How to control weeds

‘One year's seed is seven year's weed’, or so the saying goes, so the most important thing an organic gardener (and non-organic gardener for that matter) can do is prevent weeds from flowering and setting seed. A horrifying example of this is chickweed, where one plant can produce 15,000 seeds a year. The best thing to do is deny them the opportunity to get a foothold in your garden in the first place. There are several techniques you can employ to do this.

Preventing. Mulching is one of the best ways to stop weeds. A thick layer of home-made, well-rotted compost or specially bought loose organic mulch such as bark chips, stops weeds by providing a barrier through which light cannot pass. Put down the mulch while the soil is moist and before the first weeds begin to emerge in spring. If the weeds have already sprouted, they have more chance of pushing up through the mulch. If the soil is already planted with trees and shrubs use low-growing, mat-forming plants, such as vinca (periwinkle) and pulmonaria (lungwort), to cover the ground. Also, use neat edging plants, such as pachysandra, to provide a permanent cover around beds and borders. I’m a firm believer in mulching – not only does it keep down weeds by its physical presence, but it also keeps plant roots moist and encourages them to grow better and do their own bit to triumph over weeds.

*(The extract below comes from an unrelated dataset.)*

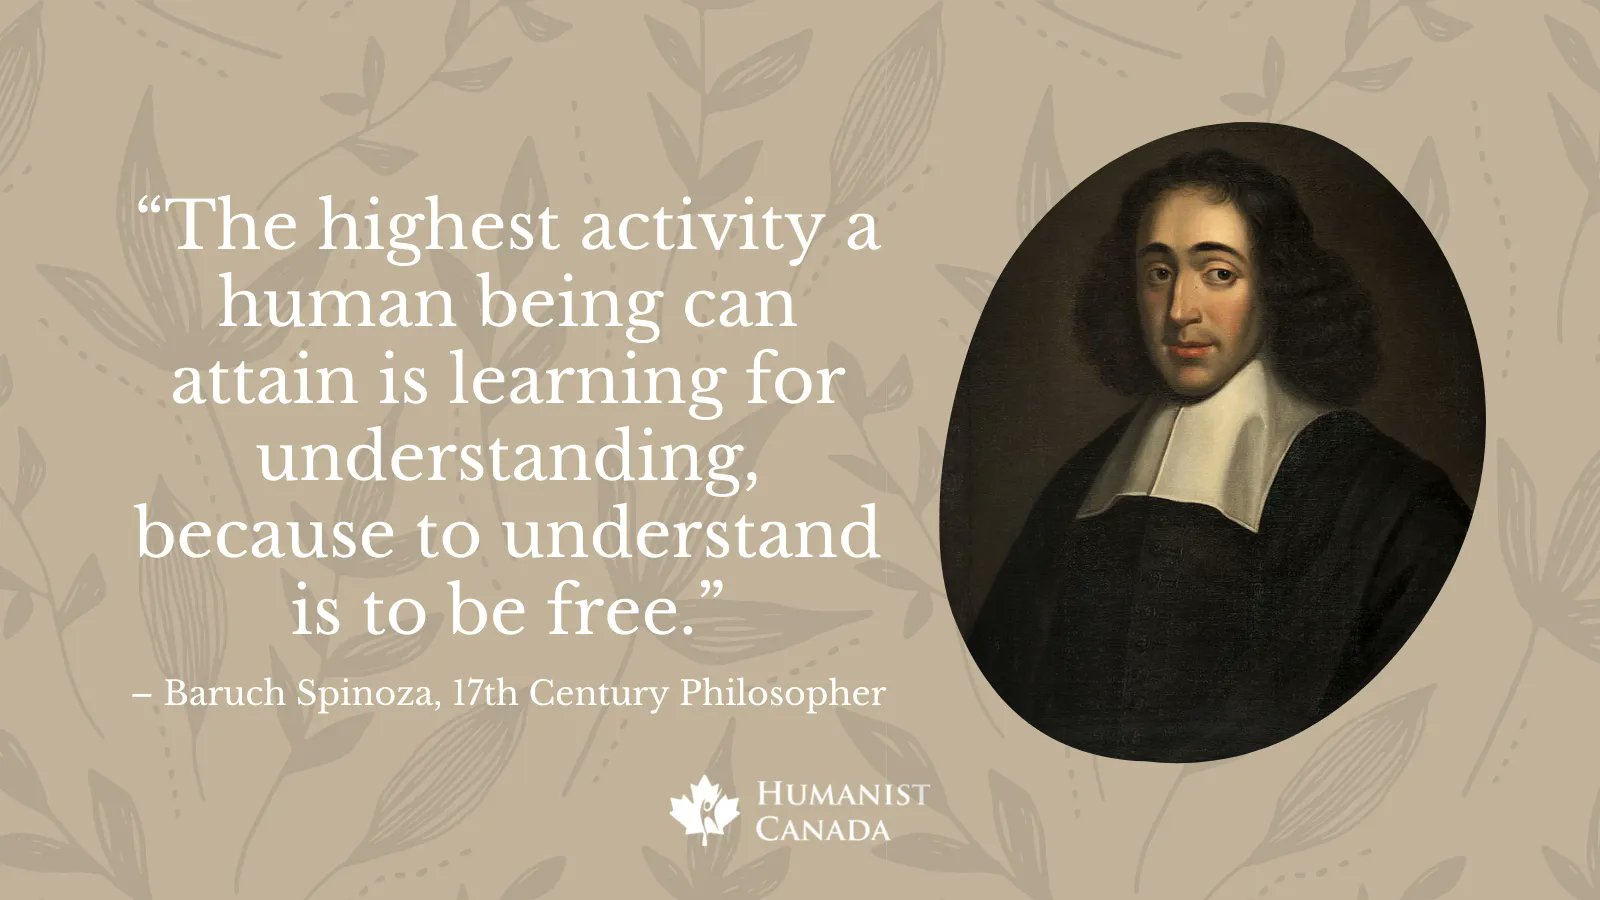 Humanist canada on baruch spinoza was a th century dutch philosopher and one of the most important thinkers of the enlightenment spinoza was an early proponent of rationalism wrote extensively on

Controlling weeds. Hoeing is the best way to control annual weeds and should be carried out regularly on un-mulched ground to prevent them flowering and setting seeds. Hoe when the weather is dry and warm so that the weeds die and any weed seeds brought to the surface don’t germinate. Digging is the best way of removing perennial weeds on vacant ground. However, they can be suppressed using a layer of thick black plastic or old hessian-backed carpet under a decorative mulch to provide a very dense mat they cannot push through. It may take several years to kill them off completely.